I am seeking representation for my historical novel, set in 1918 in the Deep South.
In the changing and dangerous American South in 1917, two women—one white and one black—are forever entwined by murder and a child they both love. As they spiral towards a fiery end, each must choose between heroism or cowardice, forgiveness or hate.
“That Applebee’s a thief!” Mae slapped the scrap bowl on the wooden counter. “He charge us twice as much as what the white folks pay in town for the exact same thing. They can buy work shoes for $2.50 at McDermitt’s General Store and he charged us $4 for yours.”
At Mae’s sharp voice, Ruthie’s bottom lip slipped out in a pout and she slunk down in her chair.
“I know it,” Joe said calmly, “but I aim to make him give me a statement this time. I kept good track this year.”
“You best check ever line he wrote in that big ole book of his.” Mae shook her finger in the air. “I’m on tell you, he’s gonna say we owe more. And if you don’t stand up to him, we gonna get stuck another year—”
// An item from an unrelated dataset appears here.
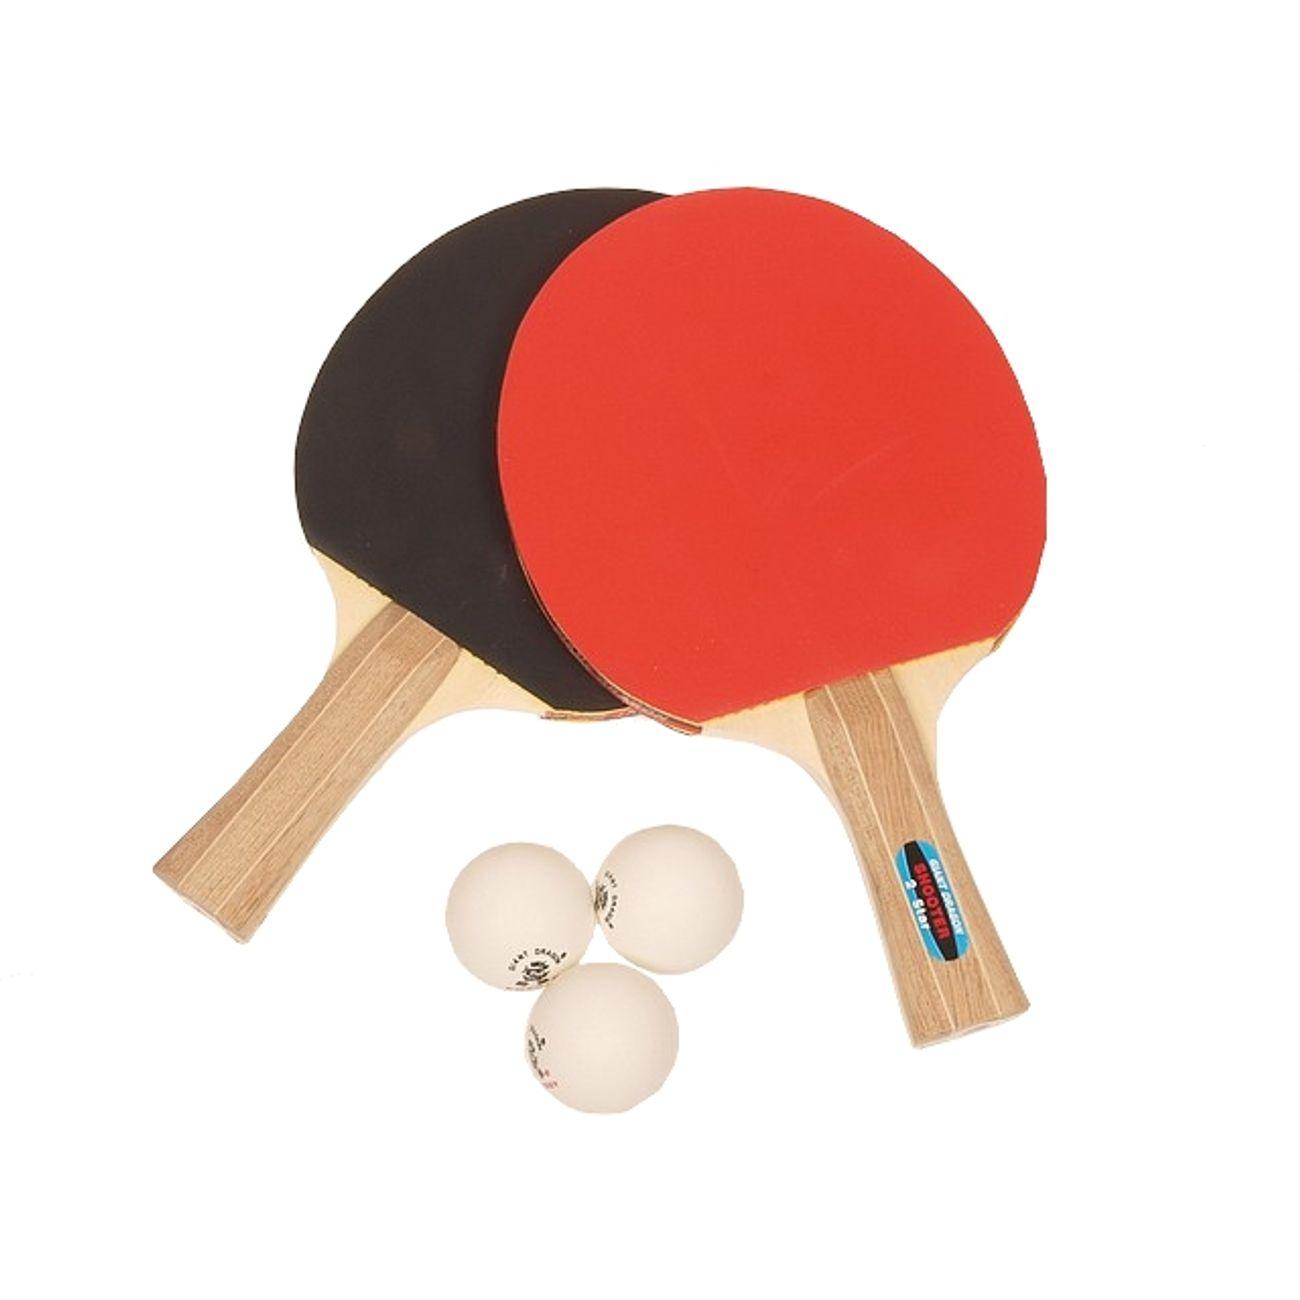 Fine Raquette Tennis De Table Pack 2 Etoiles Shooter Achat Et Interior Design Ideas Helimdqseriescom

“I will, Mae!” Joe rolled his eyes and slipped a quick smile. “We all gonna ask for accountin’s this year,” he said patiently. “Everone agreed at the meeting. Remember?”
“Course I remember. You be the Deacon that got them all to settle on it.”
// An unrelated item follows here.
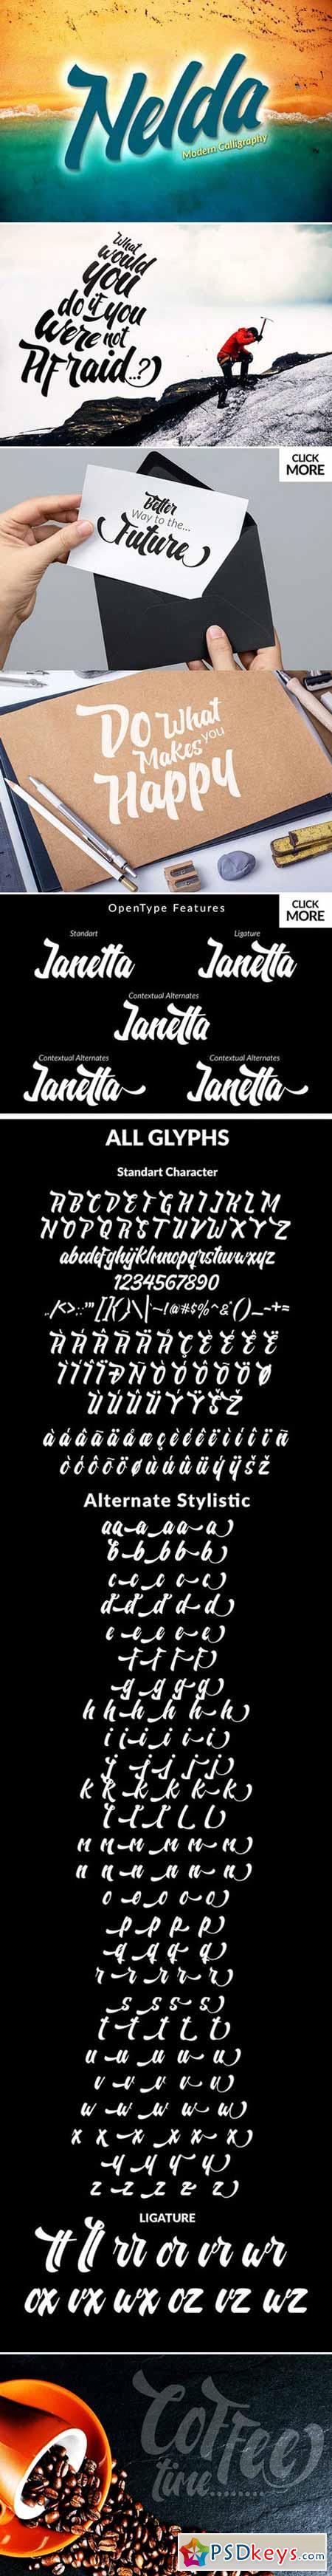 Nelda Typeface 395723

Mae recalled the sharecroppers lining the wooden pews of Providence Church last Thursday night. Ruthie’s head was heavy and hot in her lap as Mae fluttered a cardboard fan from Brownfield’s Funeral Home, whipping up a whisper of breeze in the oppressive heat. Men sat in their threadbare overalls; boys with the tips of hand-me-down shoes cut open, their dusty toes leaking out over the soles; women in cotton dresses that clung to their skin, half moons of sweat beneath their arms, rocking babies, shushing toddlers, glaring young ones to silence. The farmers shifted and sweated, bellowed and pounded their fists, agitated by the searing heat and their boiling rage.
We deserve our fair share!
They’ve been cheatin us our whole lives.
We gonna stand up or stay poor?
But all the while, fear gnawed at their necks. What if the whites saw their wagons and the light of their lanterns through the open church windows? Men had been lynched for meetings like theirs.
Worry churned in her stomach. Perhaps Joe had said too much that night. There were spies and Toms everywhere.